Archive for April 2008

Wilkommen in Amerika, Heilige Vater!

April 14, 2008

HT: Shrine of the Holy Whapping.


Rights for Chickens but Not for Monks

April 11, 2008

Well, I was looking for something to blog about, and sure enough I found it. On the front page of this week’s Catholic Miscellany, my diocesan newspaper, I found this story:

The monks at Mepkin Abbey [Moncks Corner, SC] have started the search for a new way to support themselves once their popular egg production business comes to an end.

In December the abbey announced it would begin phasing out the 56 year-old business, citing pressure from People for the Ethical Treatment of Animals over treatment of chickens as one of the reasons. Public protests and a threatened boycott by PETA that started in summer 2007 put unwanted pressure on the Trappist monks and interfered with their quiet life of prayer and work.

The story goes on to point out that “Sales averaging nine million eggs a year have generated around $140,000, which is about 60 percent of the abbey’s annual income, according to figures released by Abbot Stan Gumula.”

So a monastery that has supported itself for close to 60 years by selling eggs now has to sacrifice 60 percent of its annual income to satisfy a bunch of animal-rights wackos who espouse opinions contrary to Catholic teaching, historical fact, and plain common sense?

PETA, you may be aware, is that fine, upstanding bunch of Scripture scholars who promote the idea that Jesus was a vegetarian. I’m distressed to see that one of the ecumenical team of clergymen employed to promote this view is Father John Dear, a Jesuit. Father Dear (no pun intended) and his cohorts have to employ some verbal tap-dancing to get around the fact that the only miracle recorded in all four gospels involves Jesus feeding more than 5,000 people–with fish. The whole idea that the Last Supper was a Passover meal, which would have involved eating lamb, poses similar difficulties. They insist that Jesus didn’t eat the Passover lamb, but they provide no persuasive evidence for this. They discount the accounts of post-Resurrection appearances of Jesus which specifically state that Jesus ate fish in the disciples’ presence. Their reason? “Most biblical scholars” or “many biblical scholars” don’t believe these events really took place. It’s enough to make you think that the purpose of a “biblical scholar” these days is to make you believe that nothing in the Bible actually happened.

When I read about PETA and similar animal rights groups, I’m reminded of G. K. Chesterton’s observation about the maniac who “is in the clean and well-lit prison of one idea: he is sharpened to one painful point. He is without healthy hesitation and healthy complexity.” PETA’s one idea, that they carry to maniacal extremes is that animals should be treated compassionately–according to their standard of compassion–and they’re willing to oppose anybody who doesn’t live up to that standard.

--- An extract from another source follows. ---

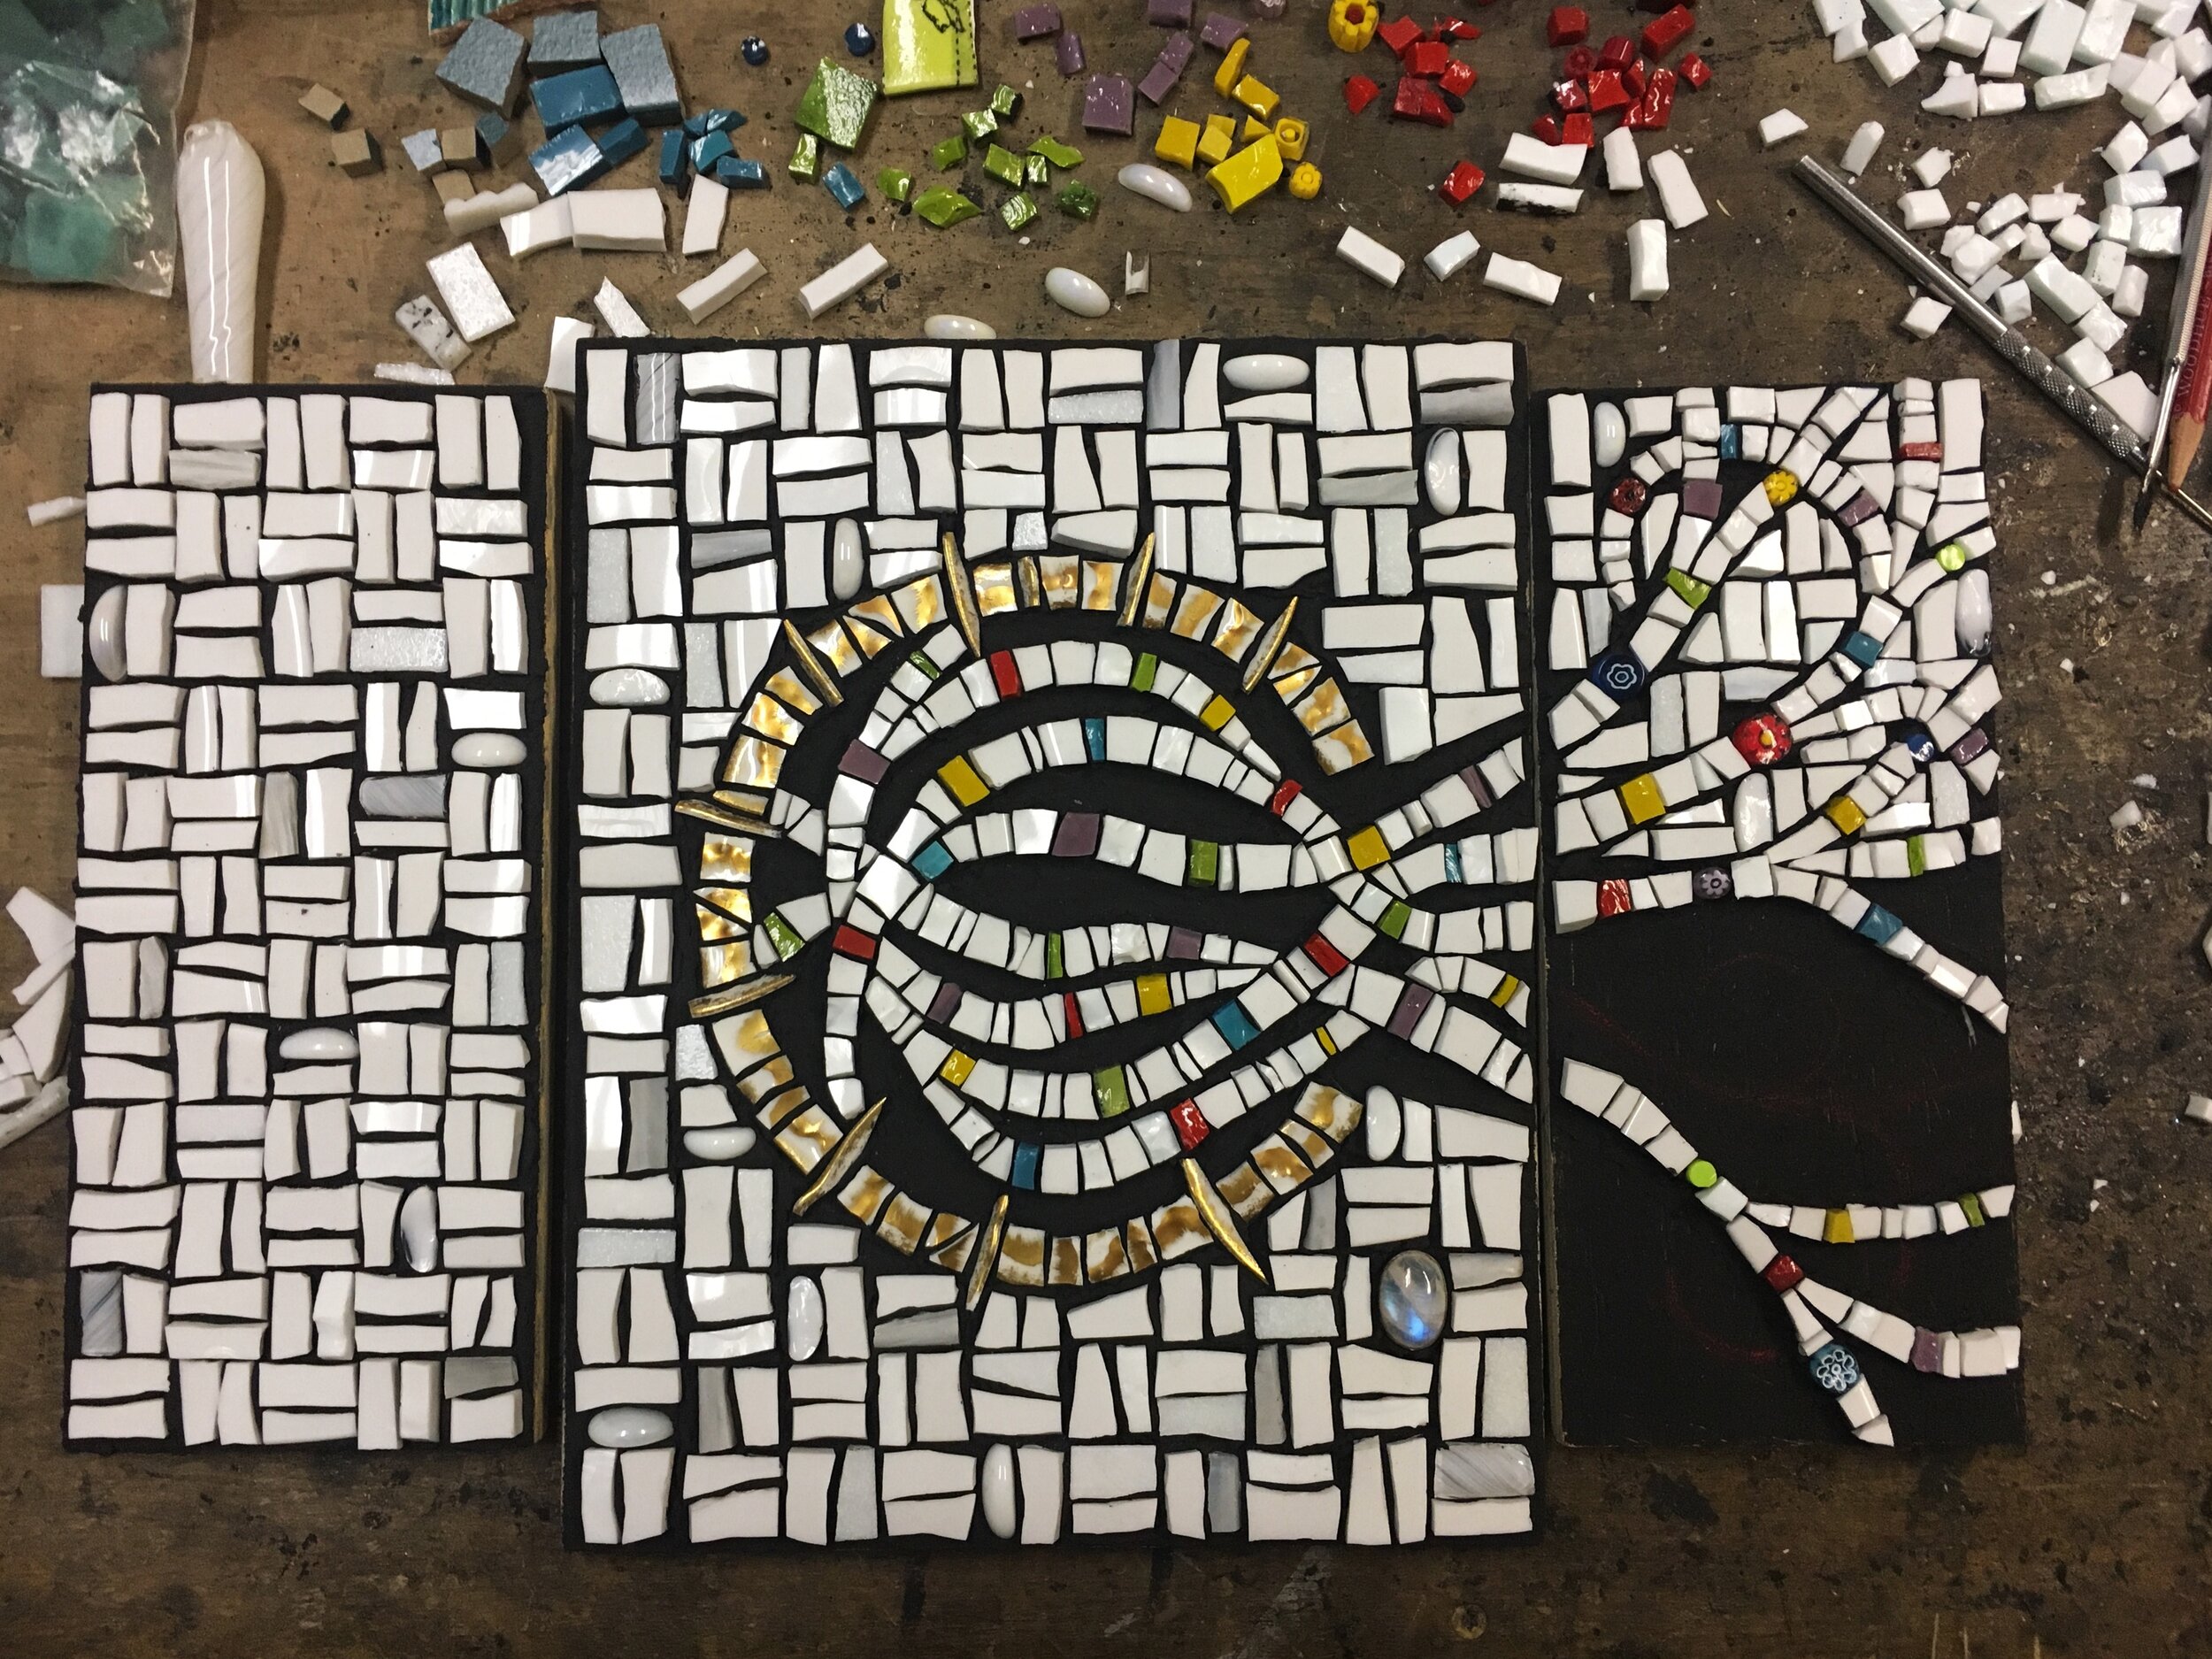 Mosaic art in progress 4

No sane, humane person is in favor of cruelty to animals. If PETA had legitimate concerns about the treatment of the chickens, did PETA representatives even attempt to meet with representatives of the abbey to discuss the issue? I don’t get that impression. Someone from PETA faxed the abbot (They couldn’t even bother to send him a letter?) in February 2007. The promotional materials PETA distributed openly accuse the abbey of lying to the press and public about its treatment of the chickens. It sounds as if PETA threatened protests and boycotts almost immediately.

Well, I hope they’re happy. They got what they wanted. But if you ask me, it’s PETA, not the monks who have “egg on their face” this time.

Talkin’ Turkey

April 1, 2008

From time to time I’ve reported on my experiments in crock pot cookery. This weekend, I may have had my biggest success yet. I’m president of the local Praesidium (chapter) of The Legion of Mary, and every year all the praesidia in a given jurisdiction (known as a Curia) get together on a Marian feast day for a ceremony known as the Acies. Our curia holds its Acies on the Saturday nearest the Feast of the Annunciation. There’s a Mass followed by a covered dish supper. It’s a wonderful opportunity to share faith, food, and fellowship. This year, I got really brave and decided to try a turkey breast recipe I found and bring it along. It must have been a success because one of my fellow legionaries asked for the recipe, so I thought I’d share it. This recipe for “Easy and Delicious Turkey Breast” really does live up to its name! I got it from The Fix It and Forget It Cookbook: Feasting with Your Slow Cooker, by Dawn J. Ranck and Phyllis Pellman Good. (p. 196).

Easy and Delicious Turkey Breast
(submitted by Gail Bush of Landenberg, PA)

1 turkey breast

15 oz. can whole berry cranberry sauce

1 envelope dry onion soup mix

1/2 cup orange juice

1/2 tsp. salt

1/4 tsp. pepper

1. Place turkey in slow cooker.

2. Combine remaining ingredients. Pour over turkey.

3. Cover. Cook on LOW 6-8 hours.

That’s all there is to it! You should have a lot of sauce that will keep the turkey moist. I’d recommend serving this with rice or mashed potatoes or even thick slices of bread. Hope you enjoy it!